The government had mooted the revision against the high-profile instance of a group of women activists confronting a blogger who used his YouTube channel to broadcast abusive and derogatory comments against them
Kerala Governor Arif Mohammad Khan has signed an ordinance amending the Kerala Police Act purportedly to give the law enforcement more teeth to prosecute persons who exploit social media to target women and children, according to Raj Bhavan officials.
The State cabinet had in October decided to give an edge to the Kerala Police Act (KPA) by recommending the addition of a new provision, Section 118-A, to the law passed in 2011.
The amendment proposes three years of imprisonment and a fine of ₹10,000 for those convicted of producing, publishing or disseminating derogatory content through any means of communication to intimidate, insult or defame any person.
The government had mooted the revision against the high-profile instance of a group of women activists taking the law into their own hands to confront a blogger who used his YouTube channel to broadcast abusive and derogatory comments against them.
The administration felt that the absence of an effective law to tackle online vilification would encourage more such instances of vigilantism.
The Communist Party of India, a coalition partner in the ruling Left Democratic Front (LDF), had questioned the necessity of such an amendment to the KPA.
It felt that the amendment granted wide latitude to law enforcers to crack down on freedom of speech and bully critics, journalists and commentators into obedience.

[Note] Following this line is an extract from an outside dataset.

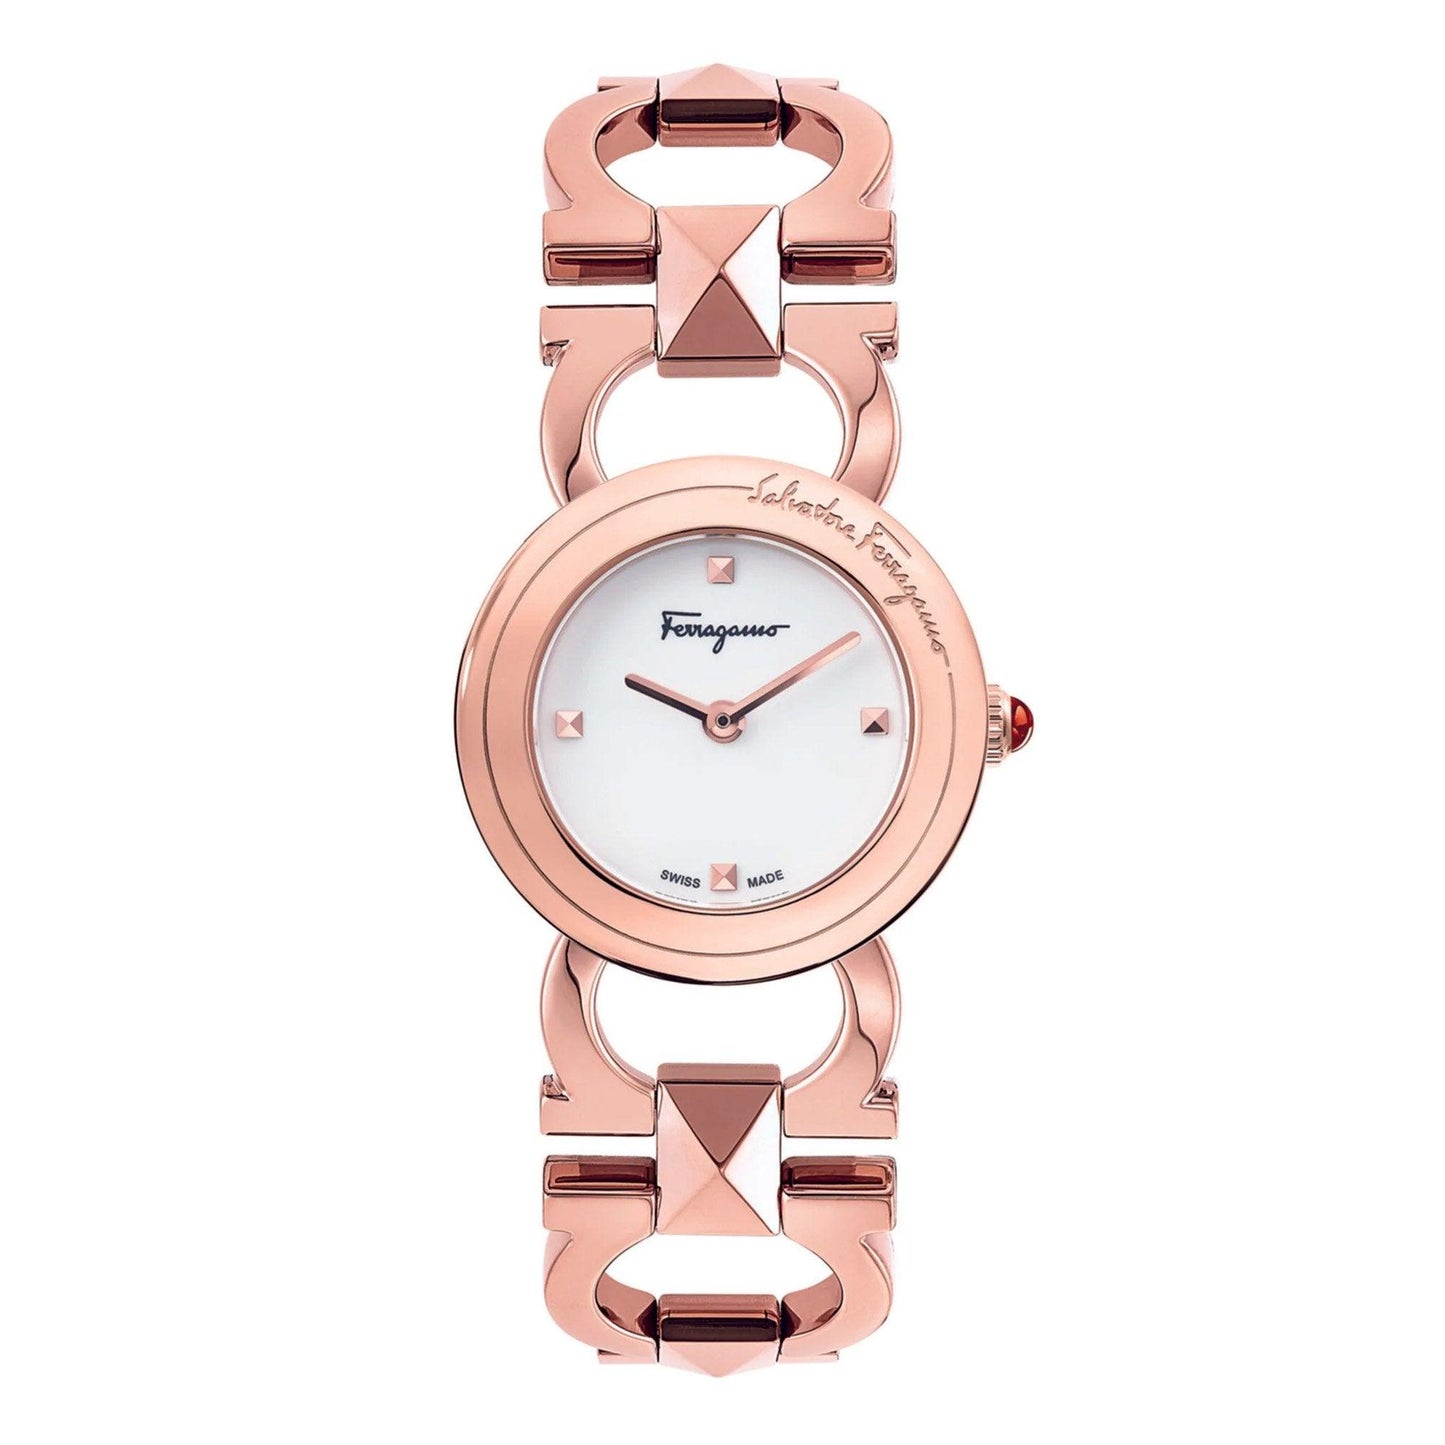 Salvatore Ferragamo SFMI00322 orologio donna al quarzo - Kechiq Concept Boutique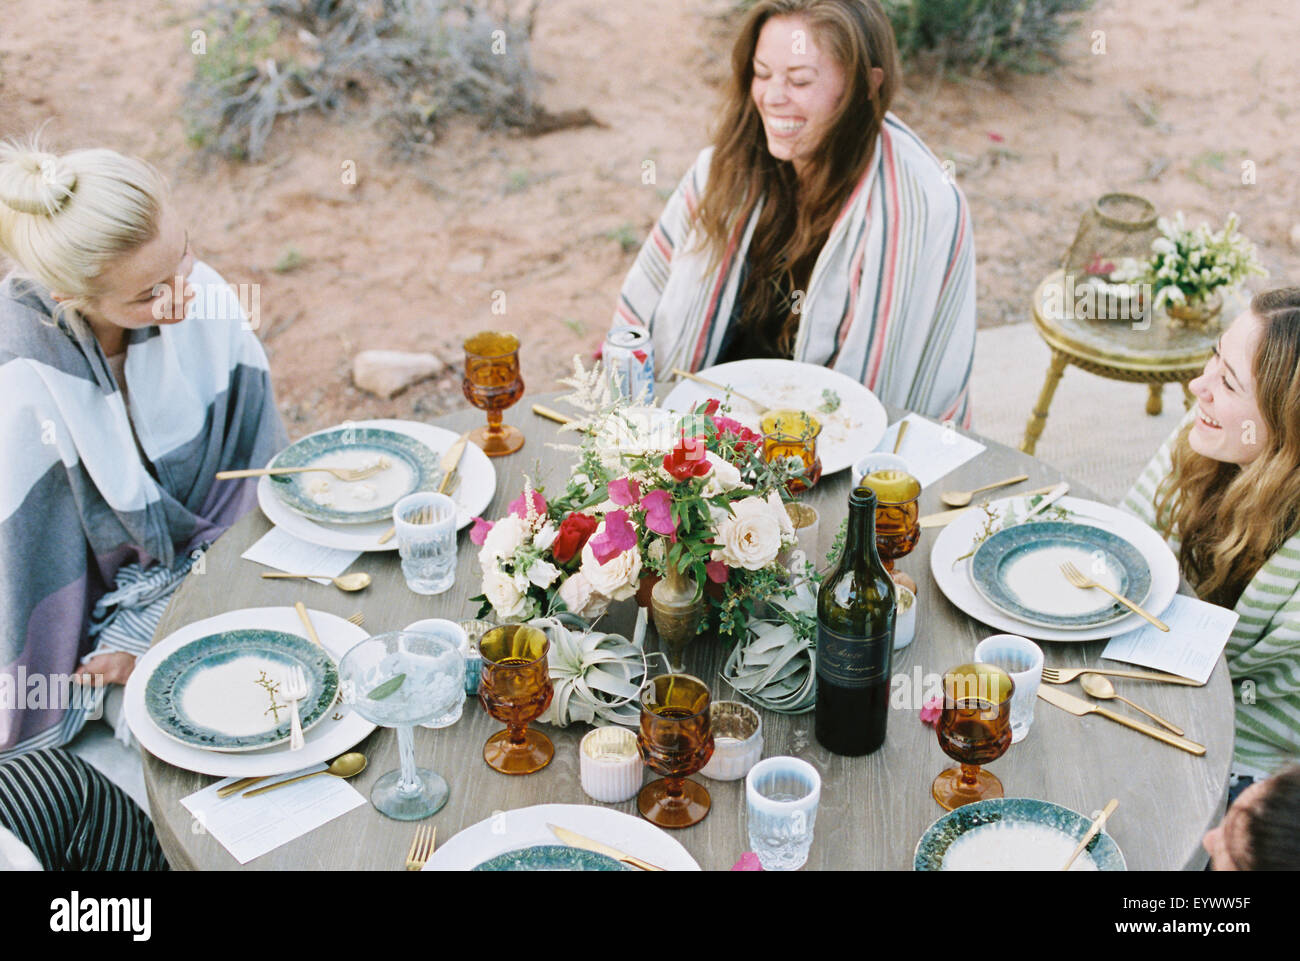 Eine kleine Gruppe von Frauen genießen eine Mahlzeit im Freien, in einer Wüste. Stockfoto

Leader of the Opposition Ramesh Chennithala had said that the amendment would reverse the course on media freedom, muzzle free speech and jeopardise civil liberties.
He said the amendment also granted the police untrammelled authority to examine published and broadcast content and register cases even in the absence of a specific complaint. Journalist unions had also expressed scepticism about the amendment.
However, the government had clarified that 118-A targetted slanderous social media and online content, and it did not seek to curb reportage, political satire or commentary, as feared.